Wer mal wieder Zeit intensiver wahrnehmen möchte, der tut eine Reise. Zum Beispiel fährt er mit dem ICE nach Berlin und spätestens bei der zwölften Service-Durchsage dehnt sich der Tag wie Kaugummi. Solchen gibt’s wohl auch „im Bordbistro, wo Sie unsere Mitarbeiter gerne erwarten“. Helfen Sie mir bitte: Habe ich eine Meise, oder geht das einfach nicht, jemanden „gerne erwarten“? Man kann meinem Verständnis nach gerne auf jemanden warten. Aber „gerne erwarten“? Mir fehlen momentan die grammatikalischen Termini, um mein Empfinden zu untermauern, aber ich mutmaße, die Bahn legt ihren Mitarbeitern sprachlich Fragwürdiges in den Mund, Hauptsache, es hört sich kundenfreundlich servil an. Was sagt man dann im Bordbistro? „Danke, ich freue mich gerne auf die Wurstsemmel“? Und dann der Kaffeeverkäufer, der mit seinem roboterhaften „Wünscht hier noch jemand Kaffee?“ durch die Wägen stelzt. Die Kollegin kommt später mit der offenbar zulässigen Variation „Wird hier noch Kaffe gewünscht?“ hintendrein. Ein einziges Wünschiwünschi und Gernegerne – aber kaum verlässt man den warmen Uterus des ICE, pfeift einem der feuchte Wind der Servicewildnis um die Ohren.
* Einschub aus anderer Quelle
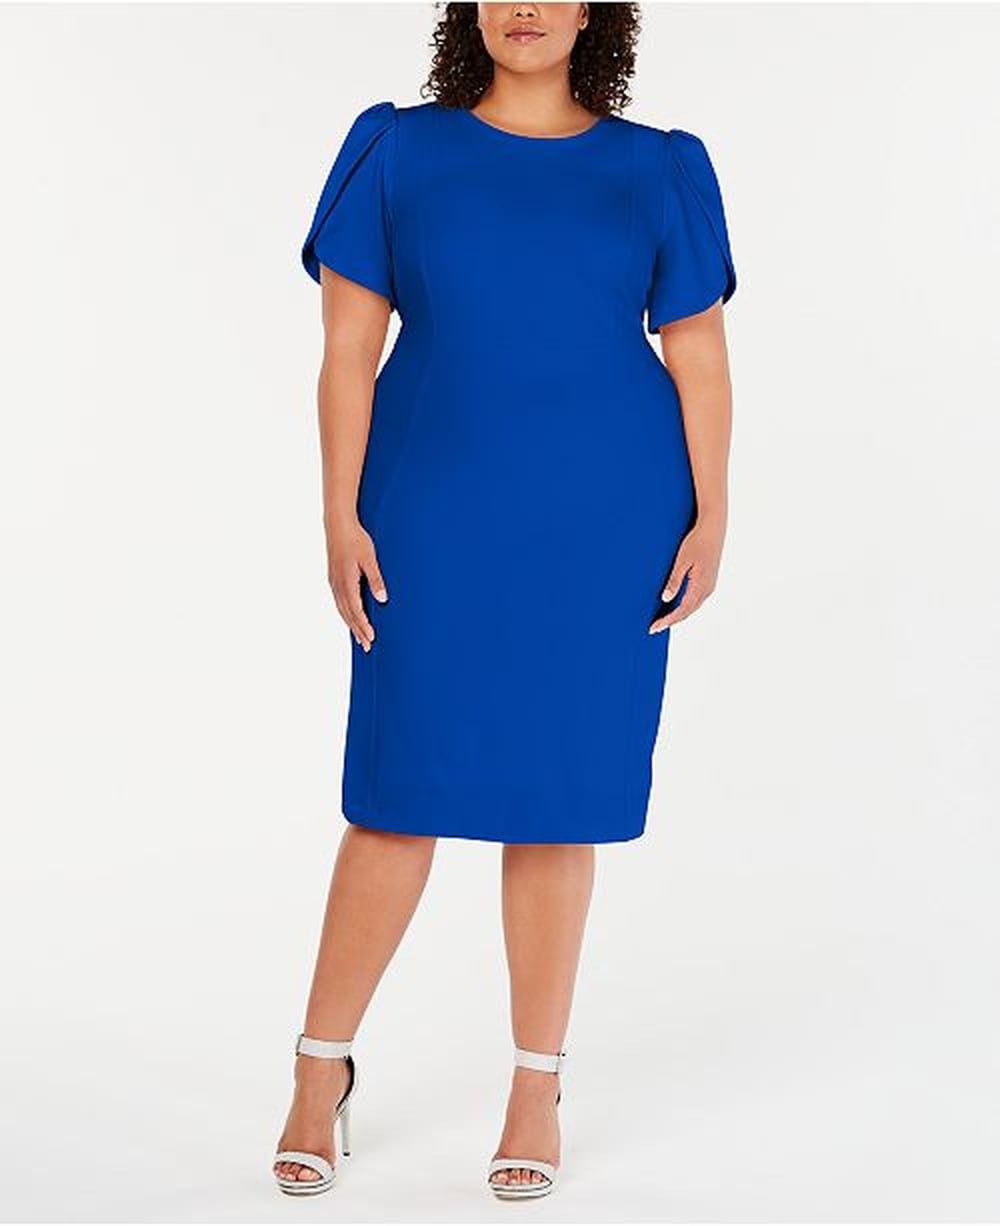 Meghan Markle's Blue Victoria Beckham Dress 2020 | POPSUGAR Fashion
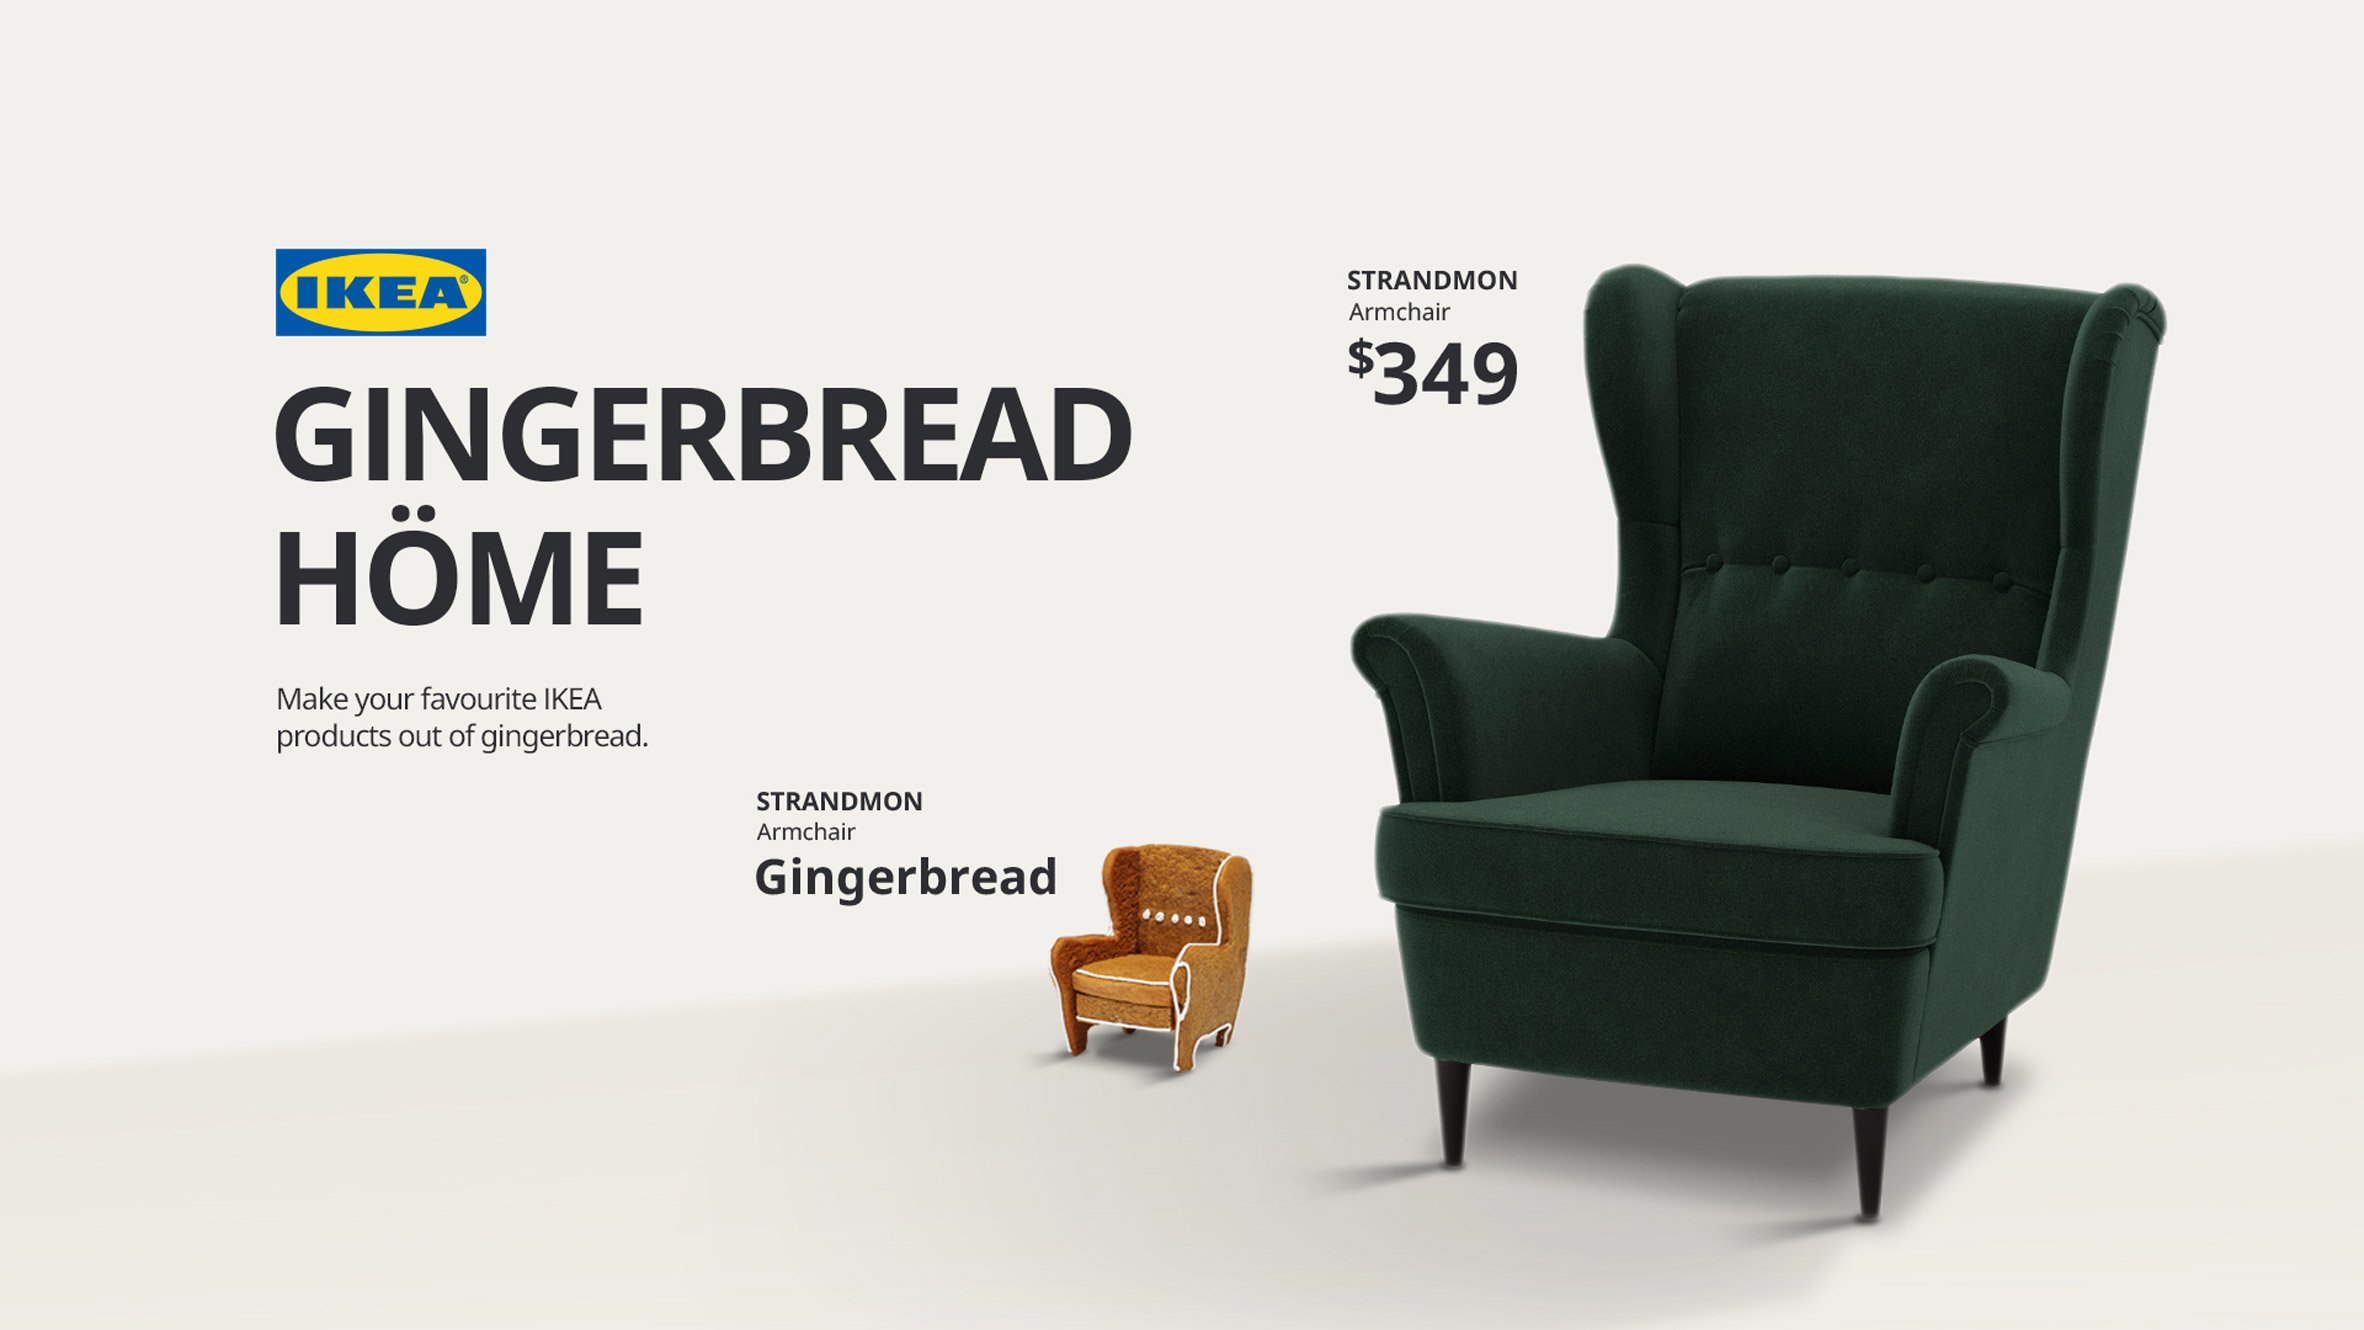 ikea releases flatpack gingerbread höme furniture kit

Berlin, Alexanderplatz. Inmitten eines Gebirges aus kaltem Beton forderte die Natur ihr Recht, und ich erinnerte mich des entlegenen Winkels, in dem seit der Abschaffung der klassischen Bahnhofstoilette ein kommerzieller Pissbudenkettenbetreiber sein Etablissement führt. Ich schleppte mich nebst Gepäck dorthin – und stand fassungslos vor dem Schild: „Pissoir 80 Cent“.

Wenn ich jetzt hier hinschreiben würde, was meiner Meinung nach mit Leuten gemacht werden sollte, die 1 Mark 60 fürs Pinkelnlassen verlangen, würde wohl jemand die Polizei anrufen und ja, wir leben schließlich in einem Rechtsstaat. Allerdings wäre ich geneigt, diesen ein gaaanz klein wenig mit Füßen zu treten, wenn es um Leute geht, die einem in weitläufigen großstädtischen Bahnhofkomplexen den Zutritt zu einer Nasszelle voll miefender Plastikurinale mit einem Drehkreuz versperren, in dem Wissen, es werde derjenige dann schon 1 Mark 60 in den Schlitz werfen, der dringend genug muss. Und wie viele kommen da wohl täglich an, die sich sagen: „Potztausend, die Möglichkeit der Verrichtung der Notdurft an einen solch umfänglichen Obulus zu knüpfen, das trägt den Ruch der Nötigung! Dies ist nicht weniger als Wegelagerei, aber Leute, ich muss dermaßen pissen, dass mir gleich die Rübe platzt“, und dann zahlen sie ihre 80 Cent und gut is’.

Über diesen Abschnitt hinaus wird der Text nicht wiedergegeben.